=== Section Start ===

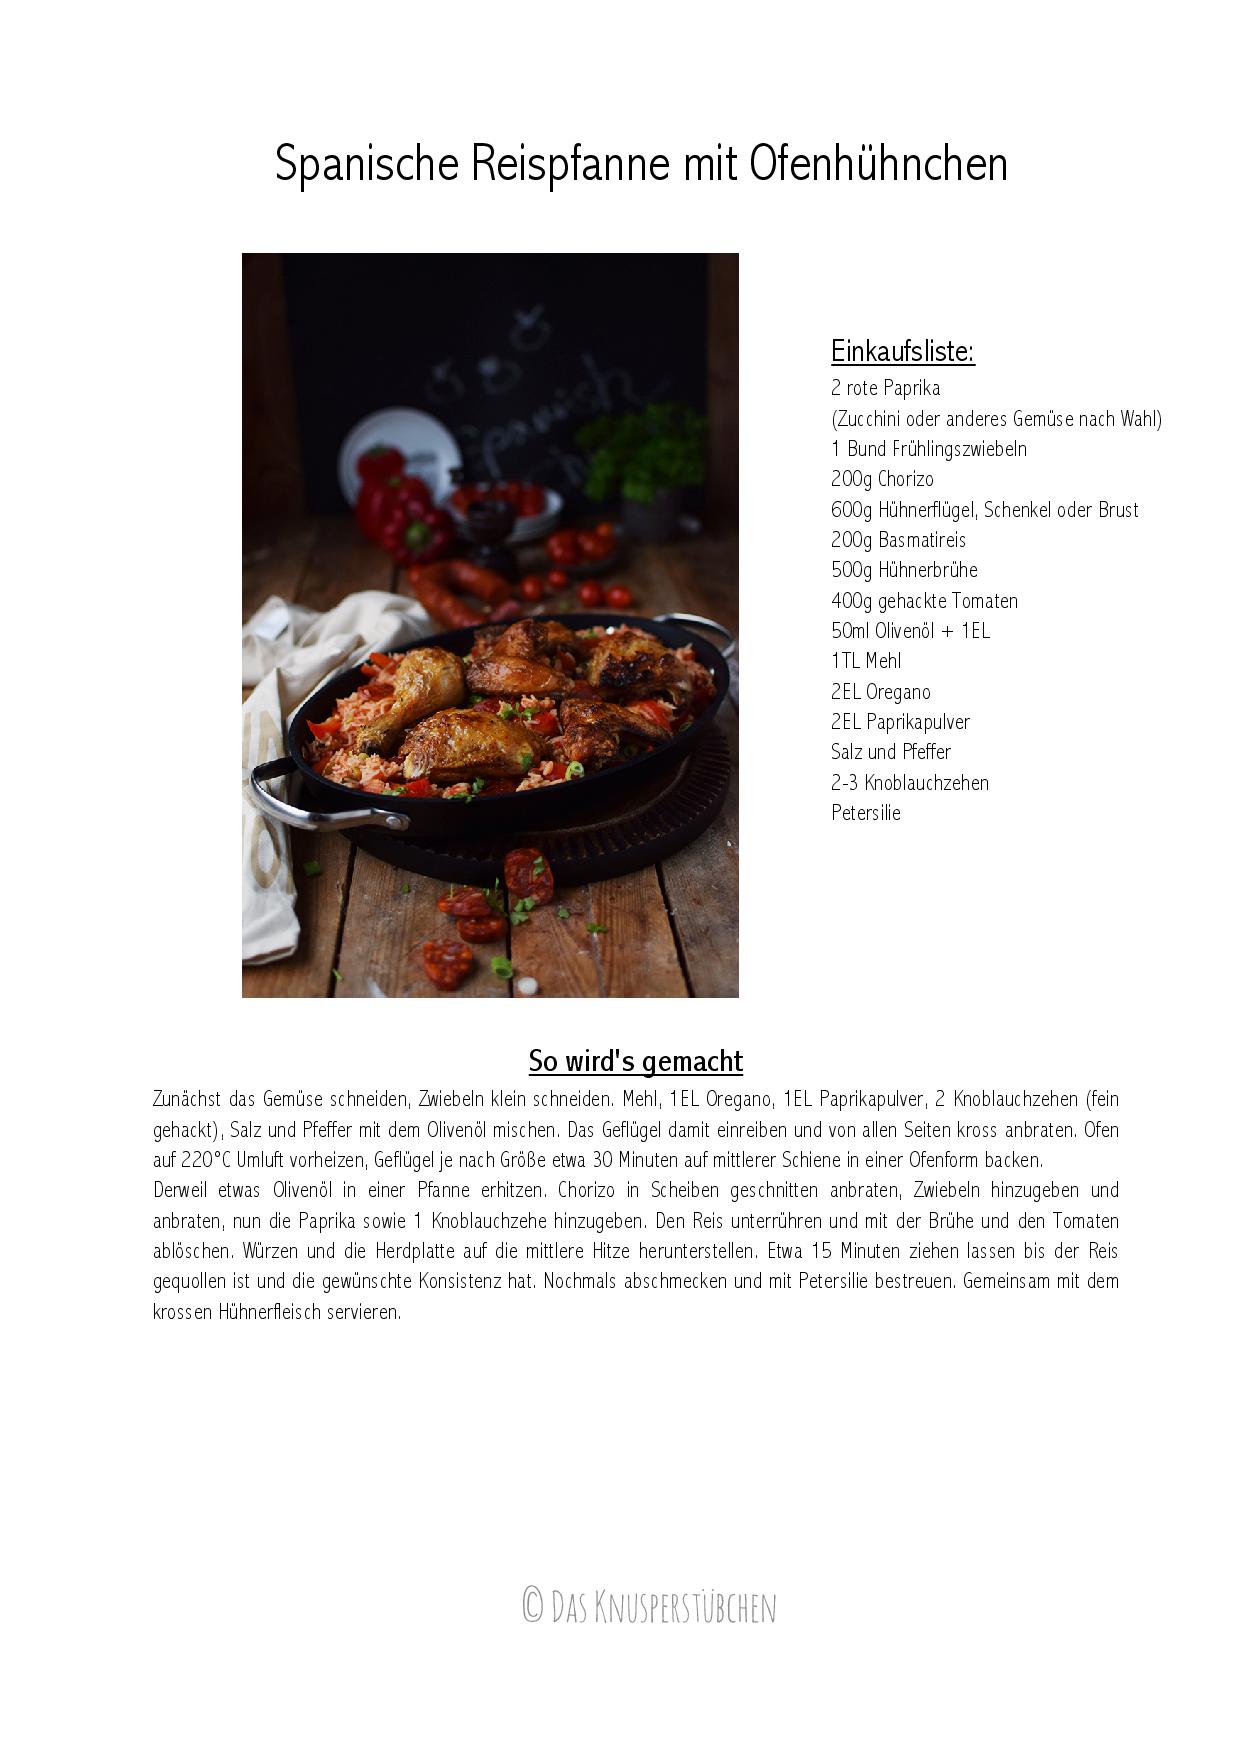 Spanish Chicken - Spanische Reispfanne-001
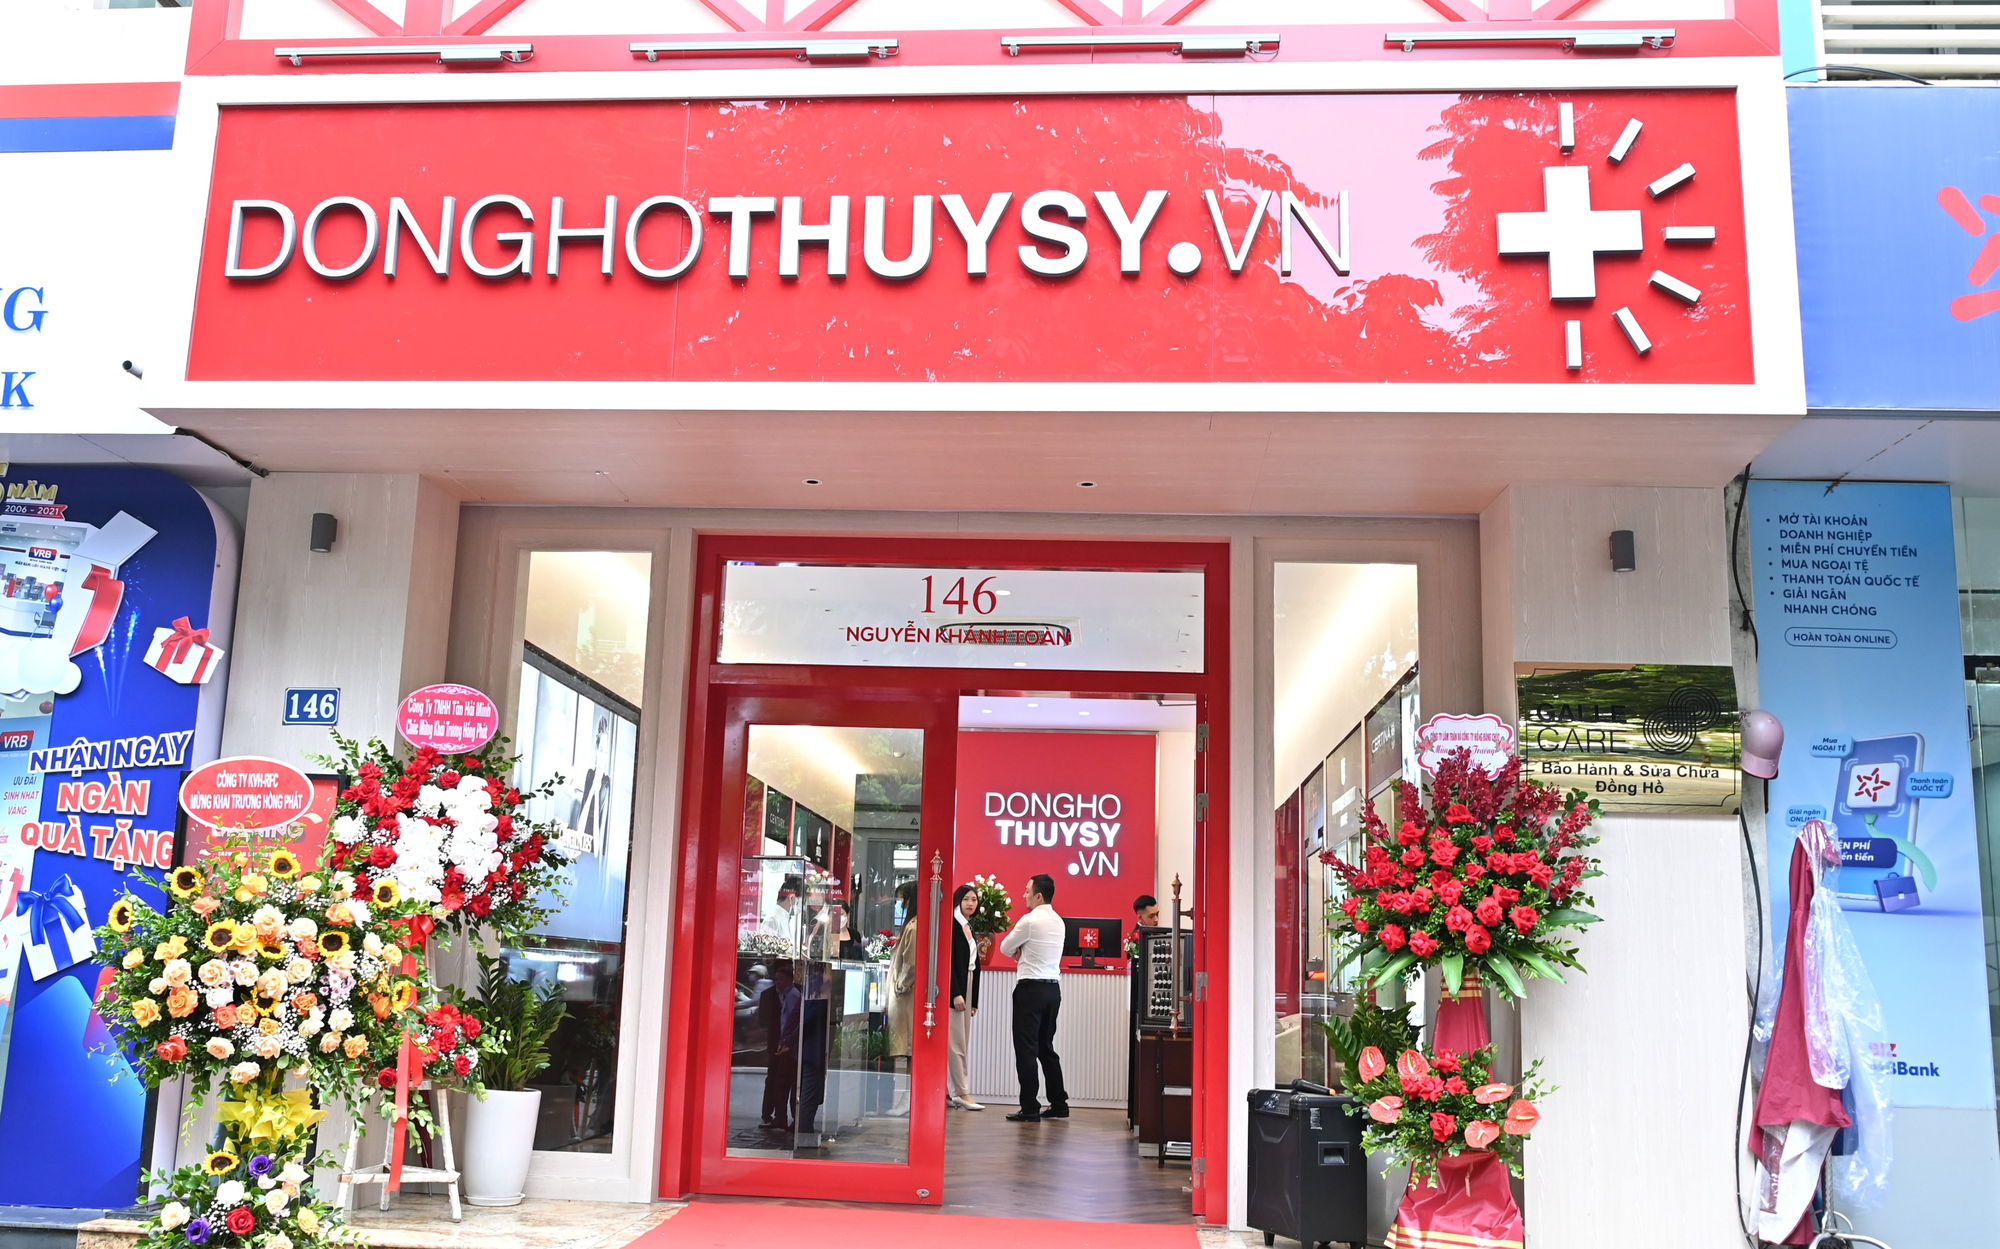 Donghothuysy.vn - nơi hội tụ các thương hiệu đồng hồ Thụy Sỹ lừng danh thế giới
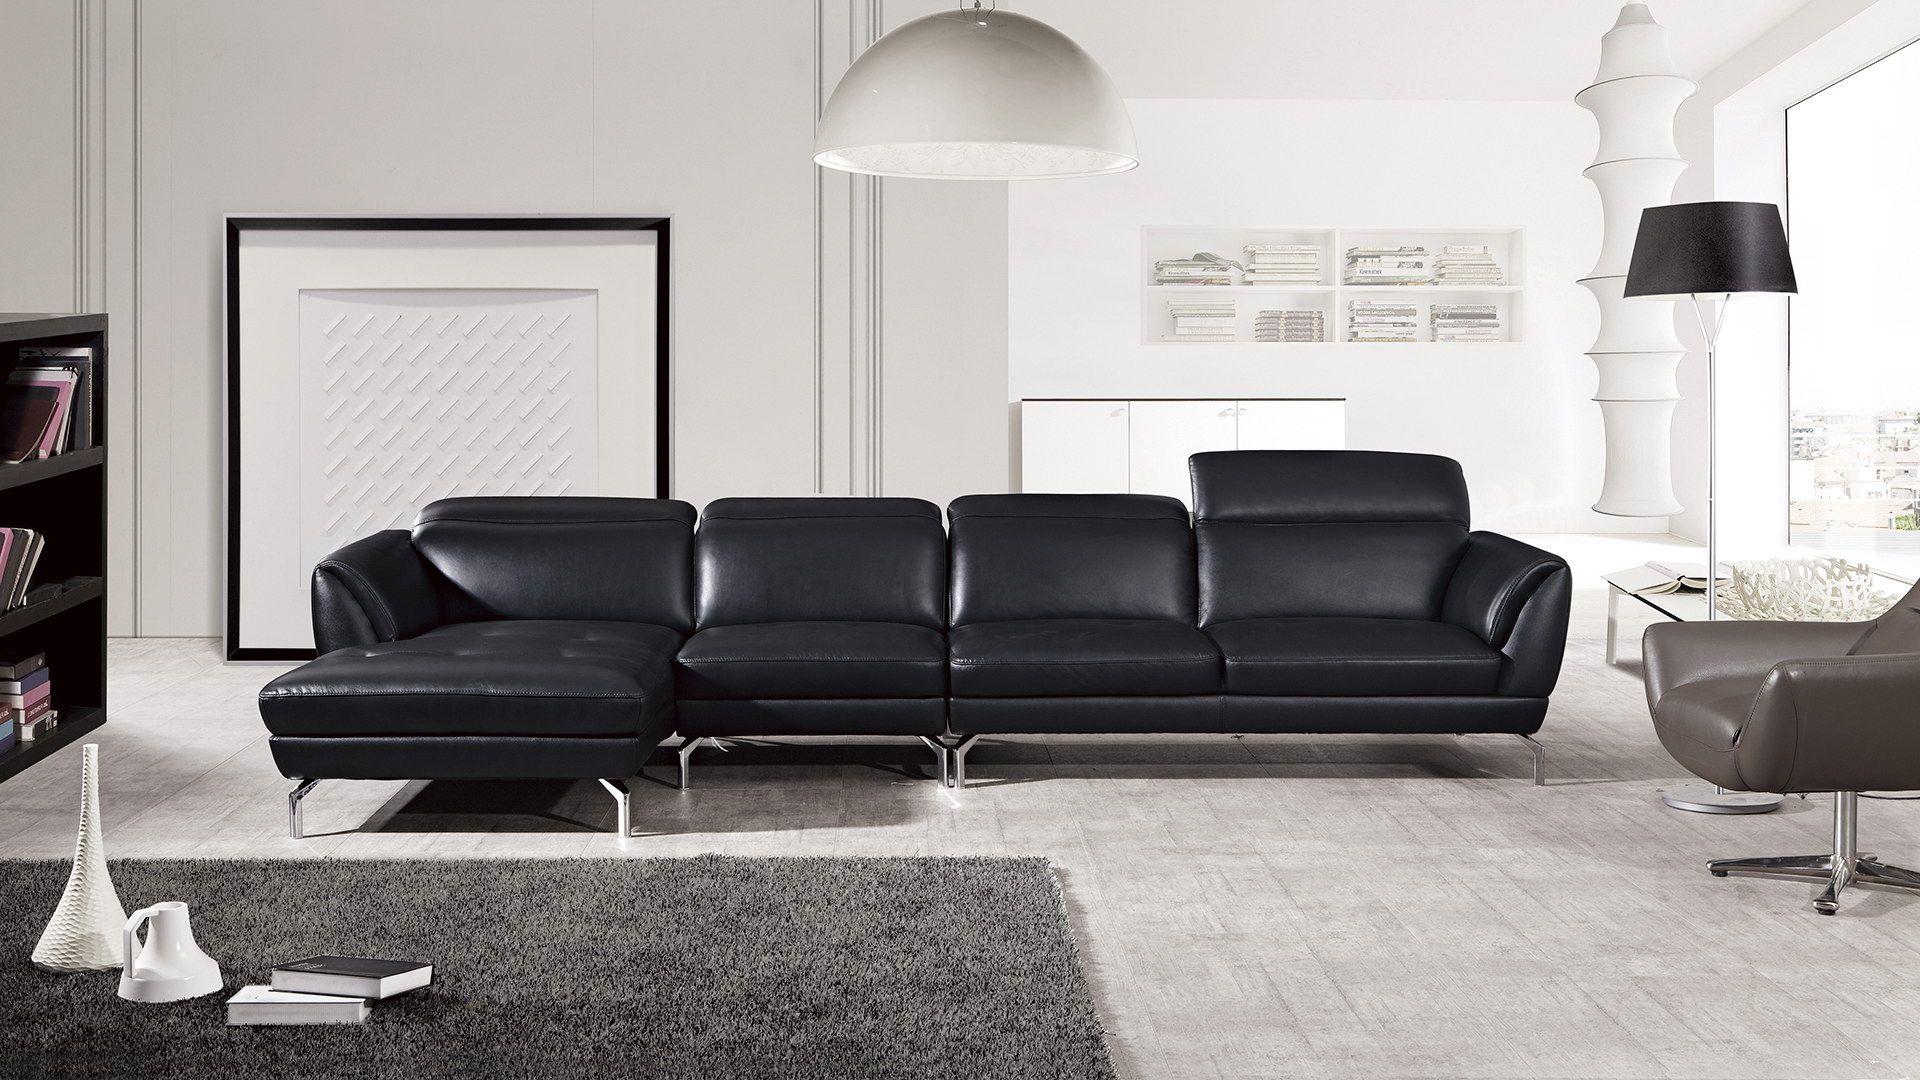 Contemporary, Modern Sectional Sofa EK-L023-BK EK-L023R-BK in Black Italian Leather

=== Section End ===

What is needed: Every line above is to be reproduced verbatim, and the pictures are to be omitted.

Solution for this problem:
 Spanish Chicken - Spanische Reispfanne-001
 Donghothuysy.vn - nơi hội tụ các thương hiệu đồng hồ Thụy Sỹ lừng danh thế giới
 Contemporary, Modern Sectional Sofa EK-L023-BK EK-L023R-BK in Black Italian Leather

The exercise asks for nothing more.